What you're asking for is a full on Malcom Gladwell style essay. Not only that, but all the points are discussed in the linked blog post. If one can't even be asked to put in the effort to read it, isn't it a bit presumptuous to expect anyone to summarize for you in elaborate detail!?
ELI5 would be: The authors wanted to find out if housing prices have something to do with bad air. They thought some people unfairly make homes cheaper if black people live in them. And that in some cases more expensive. Instead of including data about how many black people live in a neighborhood he included a value that supports his opinion and can't be checked. Because scientists aren't supposed to base their conclusions on gut feelings, this makes the sample data an example for problems that arise when working with data.
Five year olds are not particularly intellectual and wouldn't enjoy the discussion of biased models with feature-invertible data!
'Although models that make use of non-invertible, artifical features may still be biased, it's less likely.

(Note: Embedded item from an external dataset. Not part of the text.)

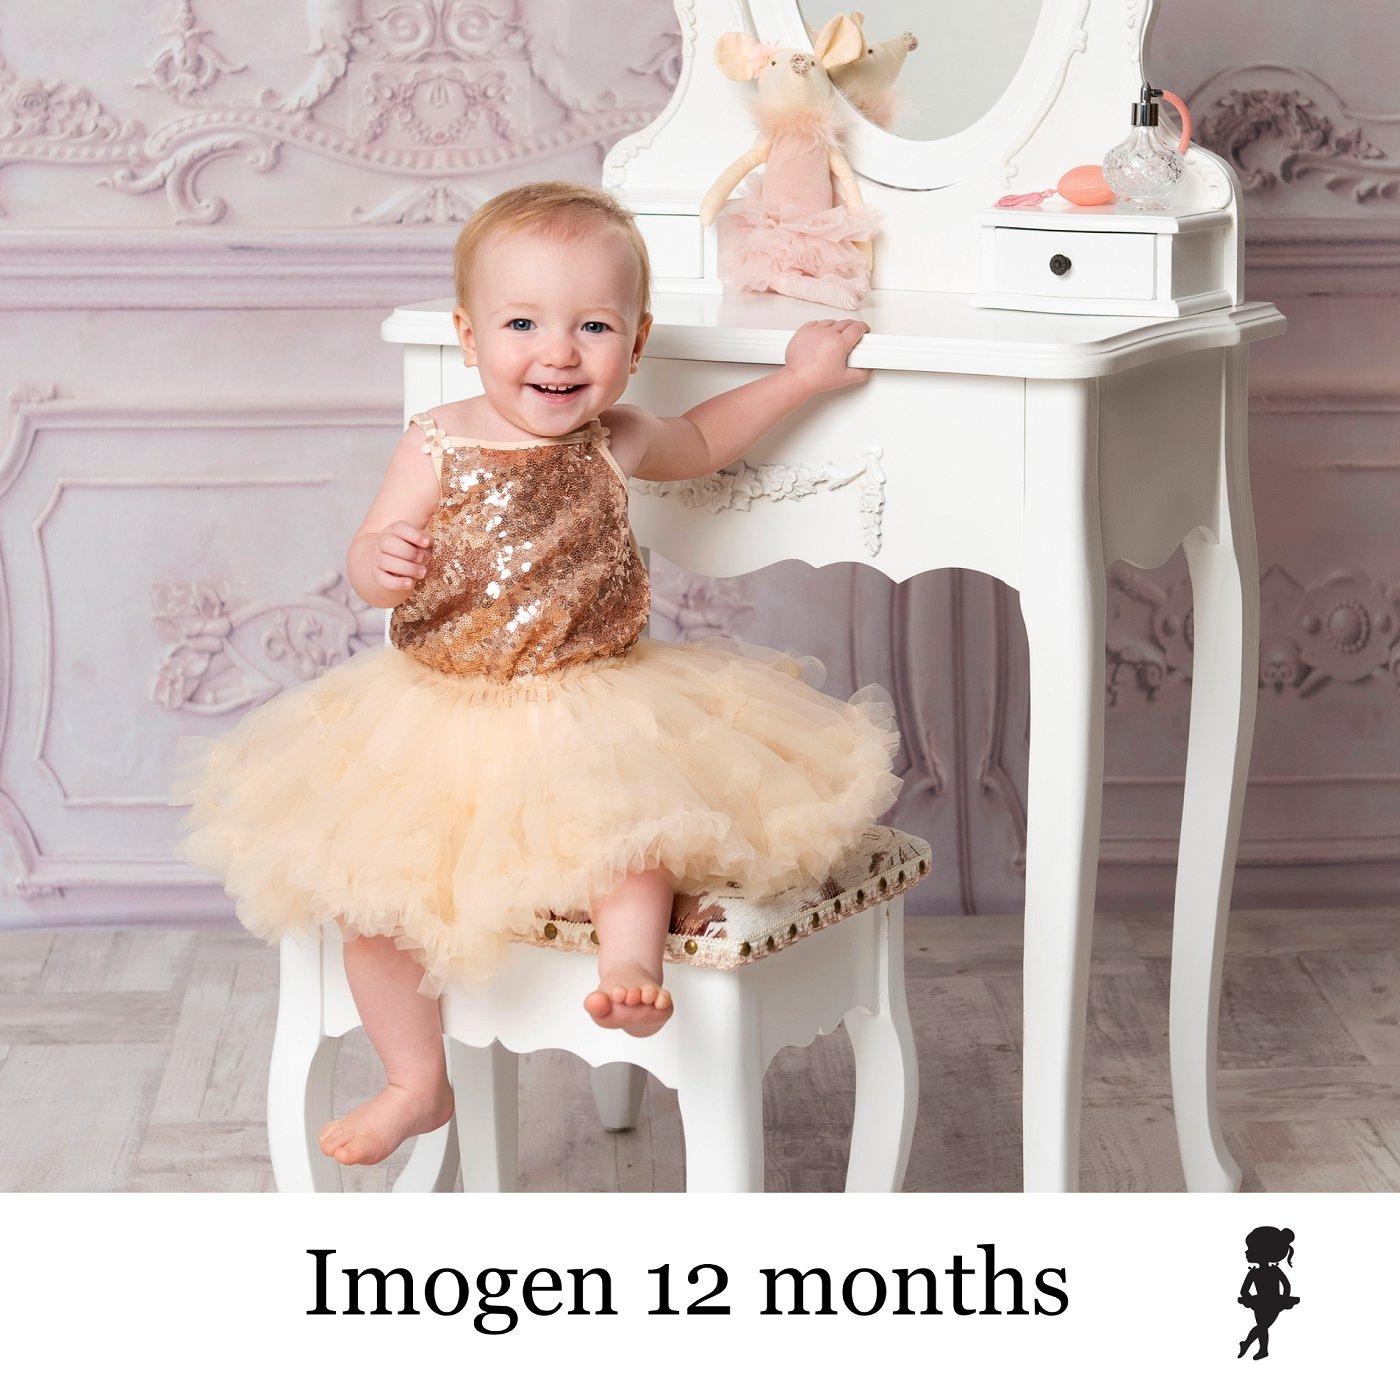 LB4519-Imogen 12moths.jpg

Using only invertible features eliminates some risks of bias, but not others.'
At this point I think one might have to explain the Naturalistic Fallacy (which accounts for much of the remaining possibility of bias in a model) but it starts to get into tit-for-tat hand-to-hand ontology: what 'bias' means, what different kinds of bias are possible, and how even 'unbiased data' can create a model that demonstrates behaviours that colloquially and idiomatically count as biased.
But one must cut the cloth of the universe somewhere
Being non-invertible just means you can't get the original racial breakdown from the variable. It doesn't mean that you're stuck with any particular bias forever.

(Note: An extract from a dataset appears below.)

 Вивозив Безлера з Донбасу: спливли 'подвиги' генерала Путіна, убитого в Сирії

Instead of keeping the actual proportion of black residents, the data set contains a presumed model B of how housing prices change as black resident population moves away from 63%. The problem is B gives you the same answer for 62% and 64% of black population, so you can recover the actual proportion.
Contrary to the cited Medium post, including race, integration, or racism-related factors as predictors of housing prices doesn't imply that it's okay for those drivers to exist in reality, or that the model is suitable for some real-world deployment where it might affect real prices. That is not the only use case; such a model could just as easily be used to imply that those factors are bad. Such a model could play a role in a disparate impact case fighting against racism.

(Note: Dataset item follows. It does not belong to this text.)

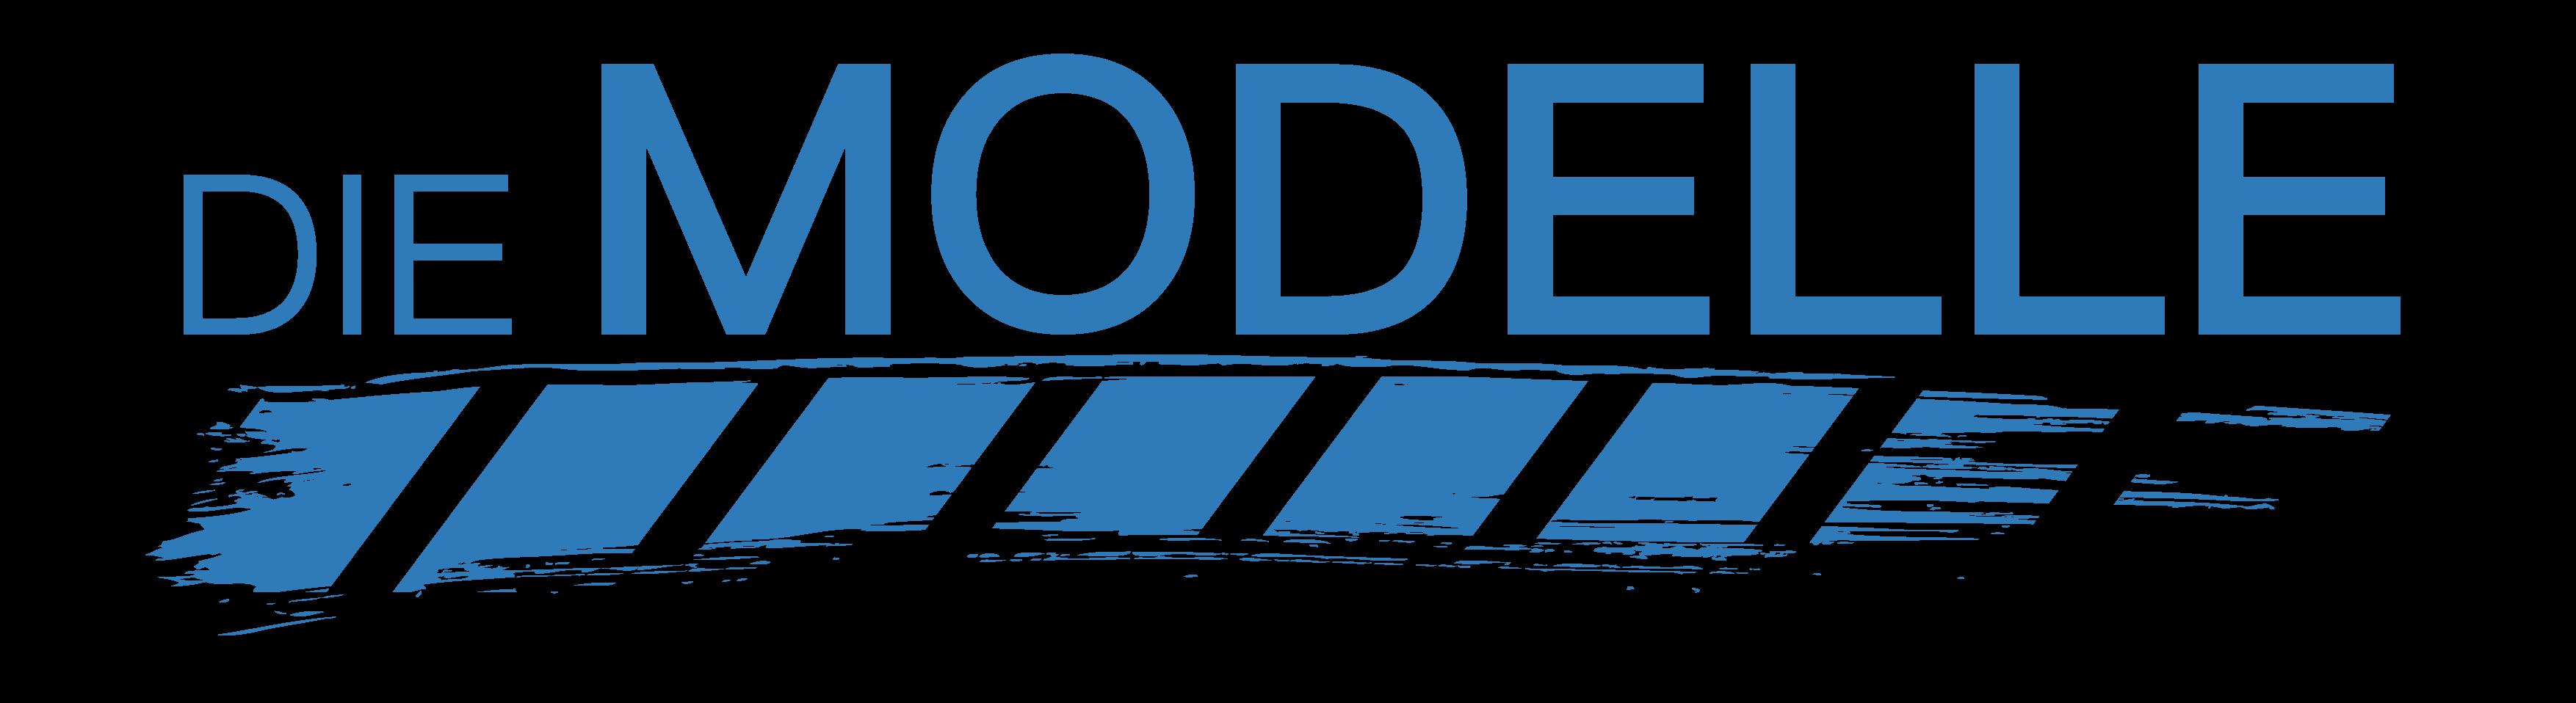 Die-Modelle - Ihr Online-Shop für Rietze-Modelle-Logo

I don't love how the dataset creators only included B and not the underlying untransformed value, and I agree that it's based on a questionable theory about how integration affects housing prices. These issues could be taken as sufficient cause to stop using the dataset, especially when better alternatives are available. But calling them ethical issues seems either puzzling or wrong. Problematizing something should ideally come with an accessible public explanation of why it is problematic. Ethics should not be obscure.